By analyzing existing cross correlation between European Residential Real and Propel Holdings, you can compare the effects of market volatilities on European Residential and Propel Holdings and check how they will diversify away market risk if combined in the same portfolio for a given time horizon. You can also utilize pair trading strategies of matching a long position in European Residential with a short position of Propel Holdings. Check out your portfolio center. Please also check ongoing floating volatility patterns of European Residential and Propel Holdings.

Diversification Opportunities for European Residential and Propel Holdings

-0.04
  Correlation Coefficient

Good diversification

The 3 months correlation between European and Propel is -0.04. Overlapping area represents the amount of risk that can be diversified away by holding European Residential Real and Propel Holdings in the same portfolio, assuming nothing else is changed. The correlation between historical prices or returns on Propel Holdings and European Residential is a relative statistical measure of the degree to which these equity instruments tend to move together. The correlation coefficient measures the extent to which returns on European Residential Real are associated (or correlated) with Propel Holdings. Values of the correlation coefficient range from -1 to +1, where. The correlation of zero (0) is possible when the price movement of Propel Holdings has no effect on the direction of European Residential i.e., European Residential and Propel Holdings go up and down completely randomly.

Pair Corralation between European Residential and Propel Holdings

Assuming the 90 days trading horizon European Residential Real is expected to generate 1.4 times more return on investment than Propel Holdings. However, European Residential is 1.4 times more volatile than Propel Holdings. It trades about -0.09 of its potential returns per unit of risk. Propel Holdings is currently generating about -0.16 per unit of risk. If you would invest  381.00  in European Residential Real on December 25, 2024 and sell it today you would lose (125.00) from holding European Residential Real or give up 32.81% of portfolio value over 90 days.
Time Period3 Months [change]
DirectionMoves Against 
StrengthInsignificant
Accuracy100.0%
ValuesDaily Returns

European Residential Real  vs.  Propel Holdings

 Performance 
       Timeline  
European Residential Real 

Risk-Adjusted Performance

Very Weak

 
Weak
 
Strong
Over the last 90 days European Residential Real has generated negative risk-adjusted returns adding no value to investors with long positions.
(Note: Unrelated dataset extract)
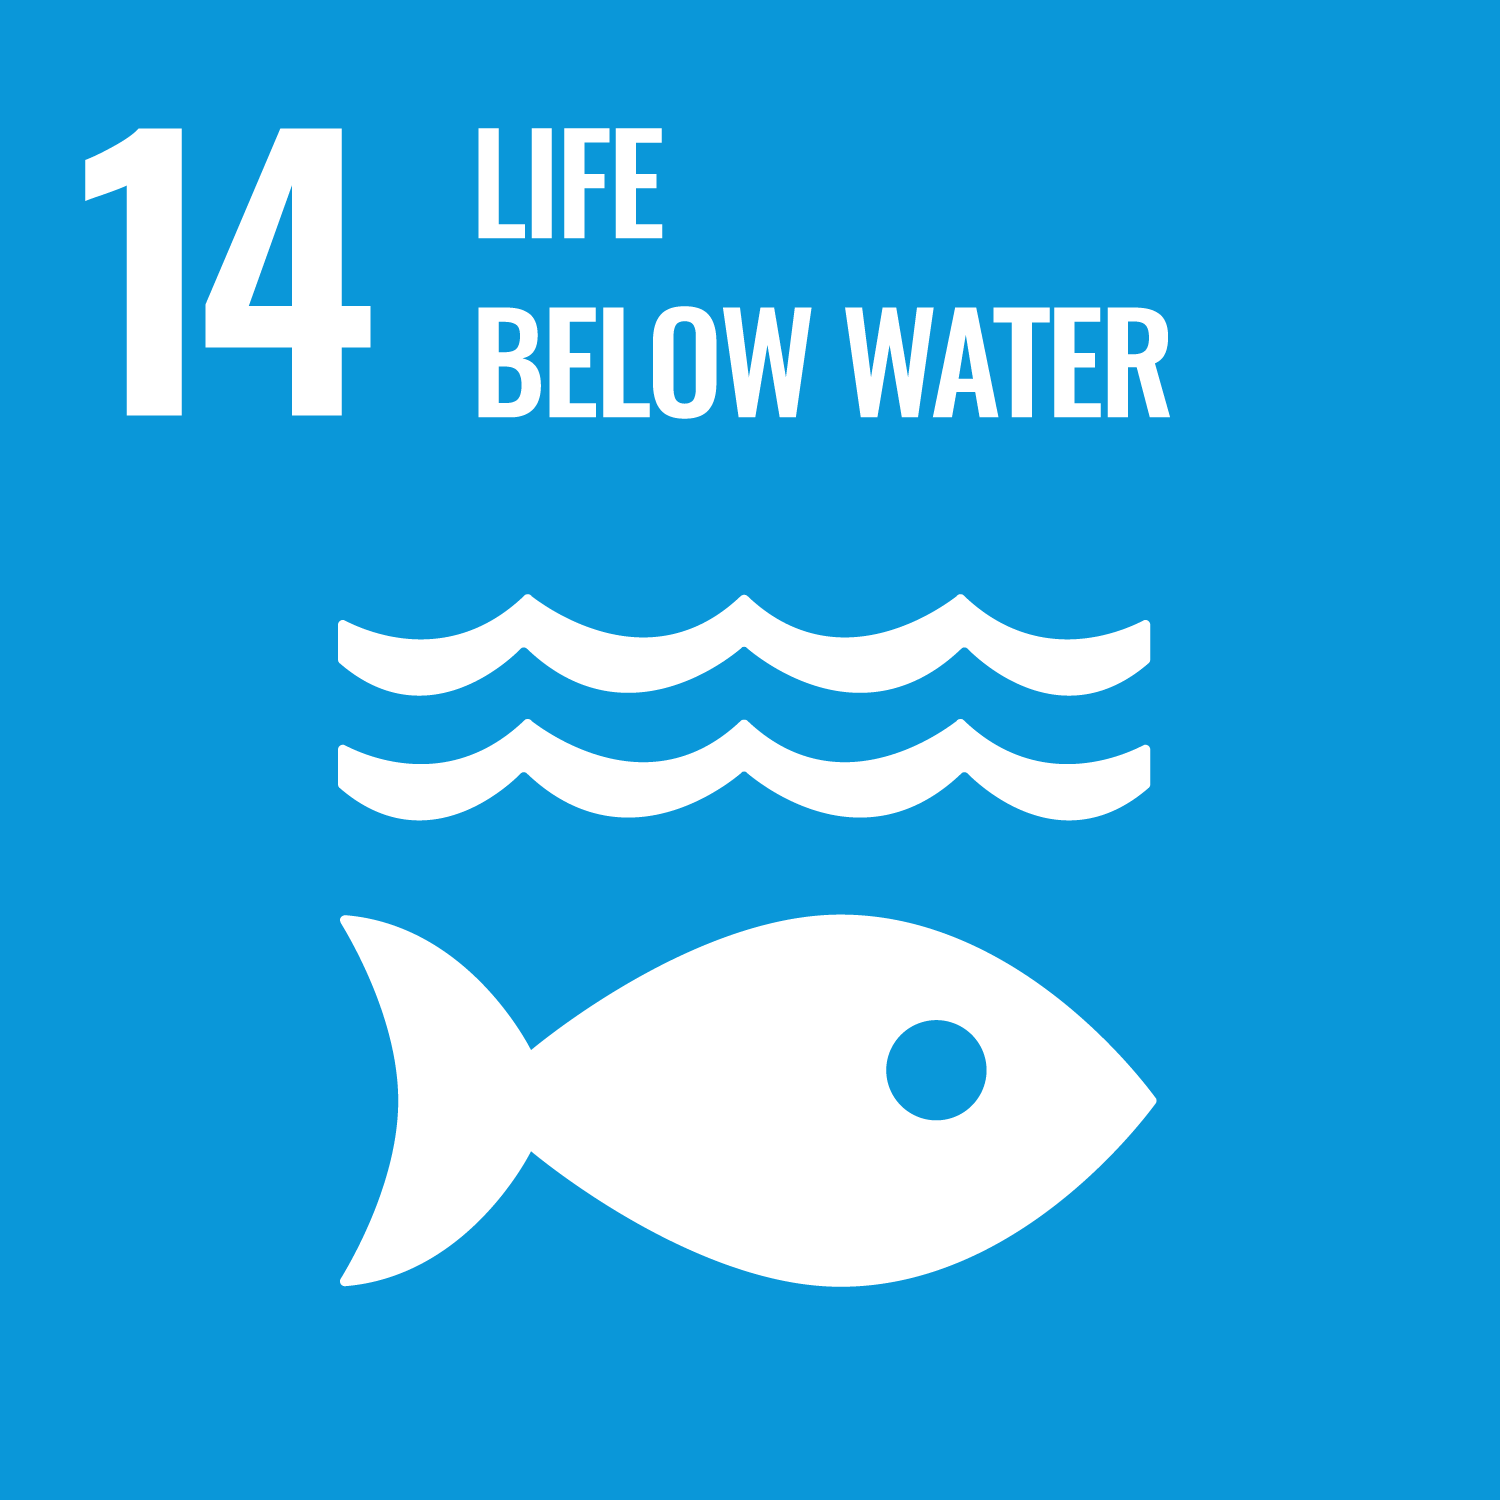 sustainable-development-goals-life-below-water

Despite weak performance in the last few months, the Stock's technical and fundamental indicators remain somewhat strong which may send shares a bit higher in April 2025. The current disturbance may also be a sign of long term up-swing for the company investors.
Propel Holdings 

Risk-Adjusted Performance

Very Weak

 
Weak
 
Strong
Over the last 90 days Propel Holdings has generated negative risk-adjusted returns adding no value to investors with long positions. In spite of unfluctuating performance in the last few months, the Stock's essential indicators remain very healthy which may send shares a bit higher in April 2025. The recent disarray may also be a sign of long period up-swing for the firm investors.

European Residential and Propel Holdings Volatility Contrast

   Predicted Return Density   
       Returns  

Pair Trading with European Residential and Propel Holdings

The main advantage of trading using opposite European Residential and Propel Holdings positions is that it hedges away some unsystematic risk. Because of two separate transactions, even if European Residential position performs unexpectedly, Propel Holdings can make up some of the losses. Pair trading also minimizes risk from directional movements in the market. For example, if an entire industry or sector drops because of unexpected headlines, the short position in Propel Holdings will offset losses from the drop in Propel Holdings' long position.
The idea behind European Residential Real and Propel Holdings pairs trading is to make the combined position market-neutral, meaning the overall market's direction will not affect its win or loss (or potential downside or upside). This can be achieved by designing a pairs trade with two highly correlated stocks or equities that operate in a similar space or sector, making it possible to obtain profits through simple and relatively low-risk investment.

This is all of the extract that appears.